__WORK INSTRUCTIONS__. Give every line of the listing word for word, beginning at the first and including the line with "Luna langrisser MMOs and" as the last.
□ □ □
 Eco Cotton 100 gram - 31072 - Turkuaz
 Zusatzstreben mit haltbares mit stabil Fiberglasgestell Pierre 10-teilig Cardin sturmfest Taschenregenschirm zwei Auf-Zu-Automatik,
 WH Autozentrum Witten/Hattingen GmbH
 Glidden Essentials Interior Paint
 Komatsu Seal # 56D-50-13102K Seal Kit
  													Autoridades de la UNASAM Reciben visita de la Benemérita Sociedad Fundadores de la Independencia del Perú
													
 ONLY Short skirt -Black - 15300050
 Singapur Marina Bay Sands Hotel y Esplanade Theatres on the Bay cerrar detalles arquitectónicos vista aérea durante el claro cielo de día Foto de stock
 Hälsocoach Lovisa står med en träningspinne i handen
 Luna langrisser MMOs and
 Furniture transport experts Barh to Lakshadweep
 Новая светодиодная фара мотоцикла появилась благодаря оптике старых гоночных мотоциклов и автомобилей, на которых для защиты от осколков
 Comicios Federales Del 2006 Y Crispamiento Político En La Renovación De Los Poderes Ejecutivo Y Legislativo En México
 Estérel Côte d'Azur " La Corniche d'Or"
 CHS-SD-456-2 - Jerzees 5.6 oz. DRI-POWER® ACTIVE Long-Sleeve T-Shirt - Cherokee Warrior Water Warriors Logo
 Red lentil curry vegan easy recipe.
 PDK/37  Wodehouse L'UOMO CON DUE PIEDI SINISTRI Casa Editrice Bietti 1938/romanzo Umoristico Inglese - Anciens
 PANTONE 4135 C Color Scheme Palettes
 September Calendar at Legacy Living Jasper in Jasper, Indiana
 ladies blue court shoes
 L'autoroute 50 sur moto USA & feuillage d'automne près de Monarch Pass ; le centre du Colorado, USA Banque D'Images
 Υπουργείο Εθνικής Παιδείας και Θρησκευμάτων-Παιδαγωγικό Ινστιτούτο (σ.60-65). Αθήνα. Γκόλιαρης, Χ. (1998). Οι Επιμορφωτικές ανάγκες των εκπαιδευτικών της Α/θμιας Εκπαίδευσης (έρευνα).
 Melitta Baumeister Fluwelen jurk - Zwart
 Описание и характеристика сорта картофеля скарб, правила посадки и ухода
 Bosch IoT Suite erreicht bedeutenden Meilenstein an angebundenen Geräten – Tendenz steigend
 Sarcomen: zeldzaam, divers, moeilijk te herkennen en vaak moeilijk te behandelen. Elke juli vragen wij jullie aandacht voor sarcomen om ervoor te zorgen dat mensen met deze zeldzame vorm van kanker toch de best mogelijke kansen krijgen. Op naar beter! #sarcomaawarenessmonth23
□ □ □
__COMPLETED TASK__.
 Eco Cotton 100 gram - 31072 - Turkuaz
 Zusatzstreben mit haltbares mit stabil Fiberglasgestell Pierre 10-teilig Cardin sturmfest Taschenregenschirm zwei Auf-Zu-Automatik,
 WH Autozentrum Witten/Hattingen GmbH
 Glidden Essentials Interior Paint
 Komatsu Seal # 56D-50-13102K Seal Kit
  													Autoridades de la UNASAM Reciben visita de la Benemérita Sociedad Fundadores de la Independencia del Perú
													
 ONLY Short skirt -Black - 15300050
 Singapur Marina Bay Sands Hotel y Esplanade Theatres on the Bay cerrar detalles arquitectónicos vista aérea durante el claro cielo de día Foto de stock
 Hälsocoach Lovisa står med en träningspinne i handen
 Luna langrisser MMOs and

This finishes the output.